Now, Osborne is on the road with a new solo collection entitled This Machine Kills Artists. The acoustic record, which still manages to display sludge-metal influence, brims with excellent material and represents something truly unprecedented for Osborne. The Current caught up with King Buzzo himself over the phone, and we talked about his legacy in rock, his restless prolificacy and his fresh approach for This Machine.
Where many musical acts seem to muster up an album every three or fours years, Osborne’s work ethic hearkens back to a time when artists worked more consistently to put out one or even two releases a year. In our conversation, it quickly became apparent that for Osborne, this approach is a forgone conclusion. “I am only prolific compared to other dumb musicians, not to the world,” Osborne claimed. “That’s important. You know, most people work 40 hours a week just to pay the bills.” He continued, “I think that musicians are just lazy. If these people would work even half as much time as normal people do, who just work to make a living. [...] Like, with 20 hours a week, they could get so much done. But that doesn’t happen because musicians are the laziest group of people you’re gonna find.”

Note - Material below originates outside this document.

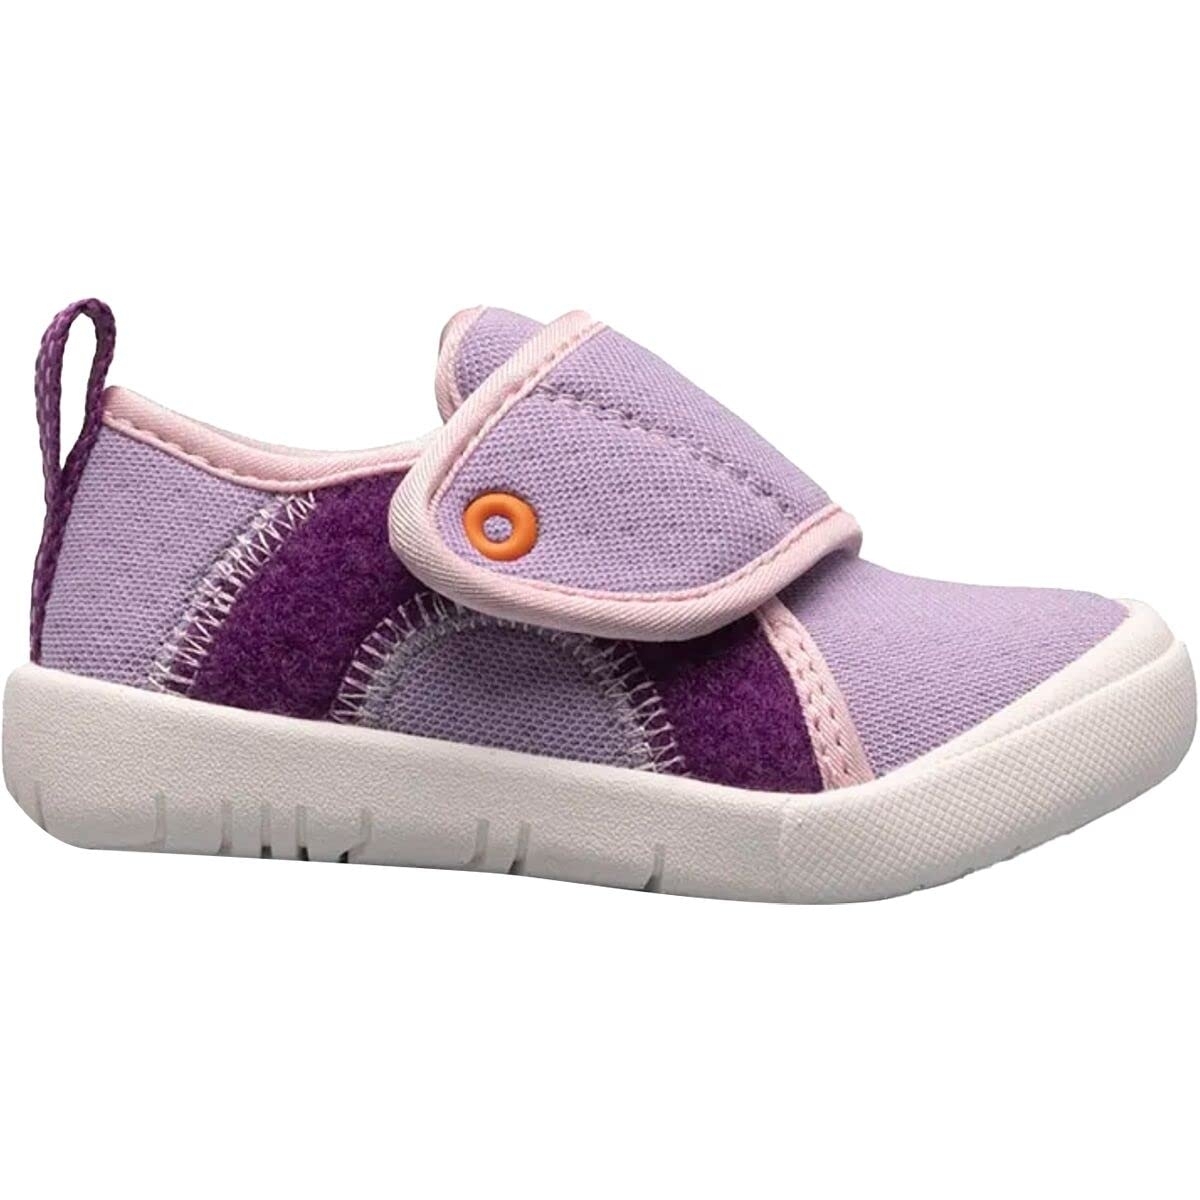 BOGS Unisex Baby Kicker Hook And Loop Shoe Sneaker Lavender Multi - 72811I-541 1 LAVENDER MULTI - LAVENDER MULTI, 5 Toddler

When pressed about his own legacy in rock music and the way in which his enormous body of work will be remembered, Osborne didn’t mince words. “I couldn’t care less. Legacies don’t do much for you, you know. I guess it’s nice and gets people interested to some degree. But I am much more about what I have done lately.” Hastily, he added, “I’m a doer, not a looker.”
We agreed that, to a certain extent, legacy is probably “a discussion for lookers and not doers.”
Of his stellar new album, which will comprise about half of Monday’s show (to be supplemented by various Melvins selections), Osborne said: “I wanted to make a true acoustic album with nothing but guitar and vocals. [With this type of album] you are faced with not much to go on. The goal was to strip it down to next to nothing and make it work. On paper it doesn’t seem like it would work, but I think it does and so now my job is to go on the road and show people that I wasn’t nuts for this idea.”